Header | Description
-------|------------
bike_rider | Are you a bike rider?
zipcode | What is your zip code?
ebike_rider | Do you or anyone in your family ride an e-bike?
commute_purpose | How do you commute - to work, school, or for other purposes?
miles | How far (ROUND TRIP) do you commute for any purpose each day?
try_bike | Would you commute by e-bike if given the opportunity?
ebike_class | Do you know the differences between Class 1, Class 1, and Class 3 e-bikes?
private_locker | How comfortable would you be storing your bike in a private bike locker while you are commuting?
group_locker | How comfortable would you be storing your bike in a group bike locker while you are commuting?
ebike_rules | How familiar are you and those in your family with the rules of the road for e-bikes?
safty | How concerned are you about e-bikes and e-bike safety in San Diego County?
interested | Are you interested in learning more about e-bikes?


In [None]:
# convert all letters to lowercase
columns = quant_df.columns
for column in columns:
    if column != 'zipcode':
        quant_df[column] = quant_df[column].str.lower()


# remove unit in miles
quant_df.head()

In [None]:
# Remove cell with a time unit
quant_df['miles'] = quant_df['miles'].astype(str)
quant_df['miles'] = quant_df['miles'].apply(lambda x: np.nan if pd.isnull(x) or 'min' in x else x)

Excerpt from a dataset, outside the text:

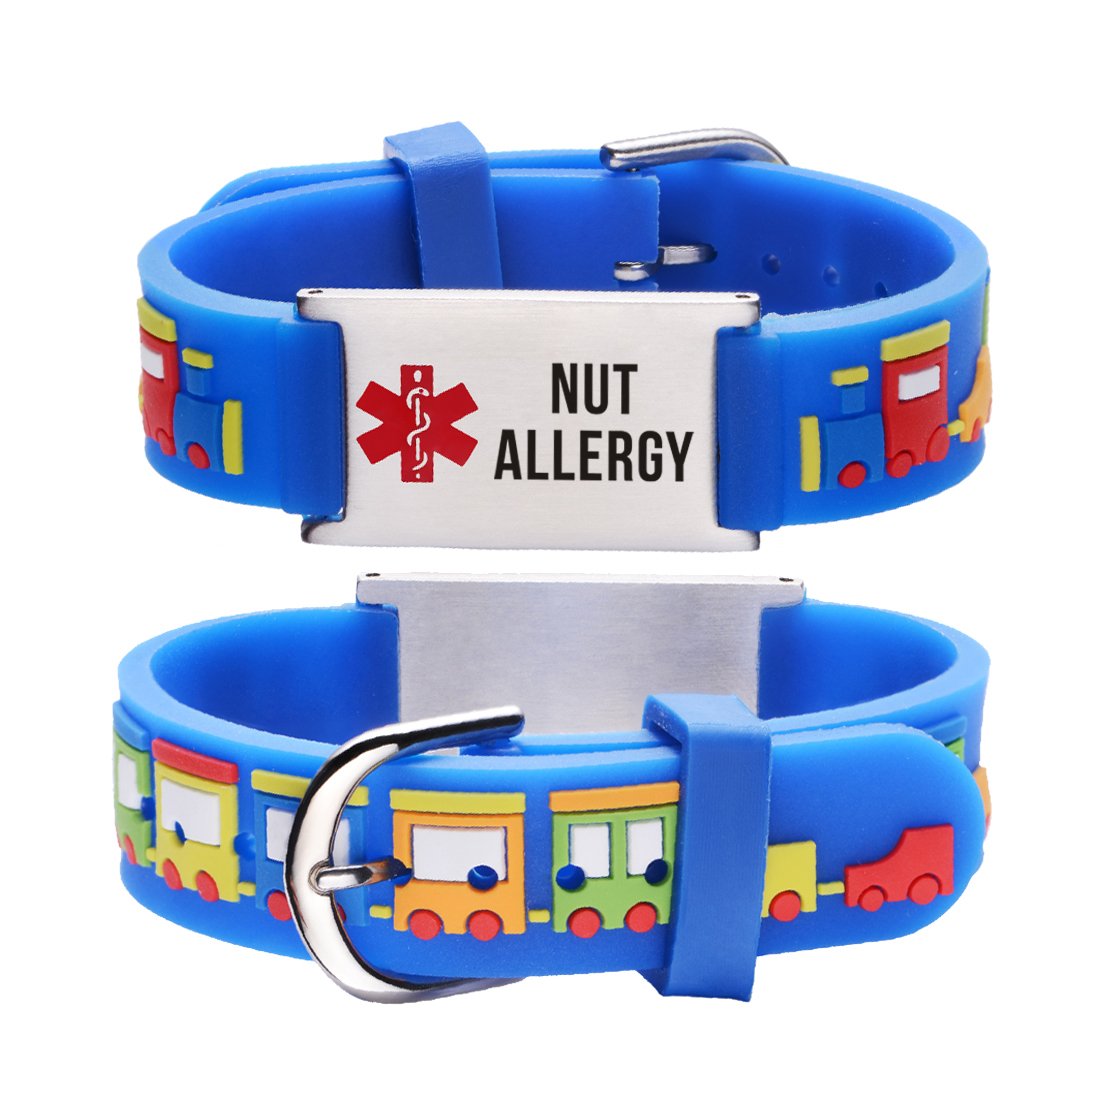 Nut allergy  bracelets for kids-Small train

# miles column cleaning - keep numbers only
quant_df['miles'] = quant_df['miles'].str.extract(r'(\d+)', expand=False).astype(float).astype(pd.Int64Dtype())
quant_df.head()

##### CSV File 2: 6.08.2023_Online_Survey_Results.csv

In [None]:
df2= pd.read_csv("6.08.2023_Online_Survey_Results.csv")
df2

In [None]:
# Keep question columns only
df2 = df2[['Q1', 'Q2', 'Q3',
           'Q4_1', 'Q4_2', 'Q4_3', 'Q4_4', 
           'Q4_5', 'Q4_6', 'Q4_7', 'Q5', 'Q6',
           'Q7', 'Q8', 'Q9', 'Q10', 'Q11']]

# Drop row 1
df2 = df2.drop(1)

In [None]:
# Change column names
df2.columns = ['bike_rider', 'zipcode', 'ebike_rider', 'commute_purpose_1', 'commute_purpose_2',
               'commute_purpose_3', 'commute_purpose_4', 'commute_purpose_5', 'commute_purpose_6',
               'commute_purpose_7', 'miles', 'try_bike', 'ebike_class', 'locker',
               'ebike_rules', 'safty', 'interested']
df2 = df2.drop(0)

In [None]:
# Set cells to null if its unit is time
df2['miles'] = df2['miles'].apply(lambda x: np.nan if pd.isnull(x) or 'min' in x else x)
df2['miles'] = df2['miles'].str.extract(r'(\d+)', expand=False).astype(float).astype(pd.Int64Dtype())
df2

## Part II: Analysis on Numerical and Categorical Features

#### Survey Question: Are you a bike rider? | Column: bike_rider

In [None]:
# count number of bike rider and non-bike rider
bike_rider_count = quant_df['bike_rider'].value_counts()
bike_rider_yes = bike_rider_count[0] + bike_rider_count[2] + bike_rider_count[4]
bike_rider_no = bike_rider_count[1] + bike_rider_count[3]

# create bar plot
x = ['Bike Riders', 'None Bike Riders']
y = [bike_rider_yes, bike_rider_no]
plt.bar(x, y)

# add label to bar plot
plt.xlabel('Riders')
plt.ylabel('Number of People')
plt.title('Number of Bike Riders vs. None Bike Riders')

# display the plot
plt.show()

# show number of bike riders vs. none bike riders
bike_percent_yes = round(bike_rider_yes / (bike_rider_yes + bike_rider_no) * 100)
bike_percent_no = round(bike_rider_no / (bike_rider_no + bike_rider_yes) * 100)
print(f'{bike_percent_yes}% of the participants are bike riders')
print(f'{bike_percent_no}% of the participants are NOT bike riders')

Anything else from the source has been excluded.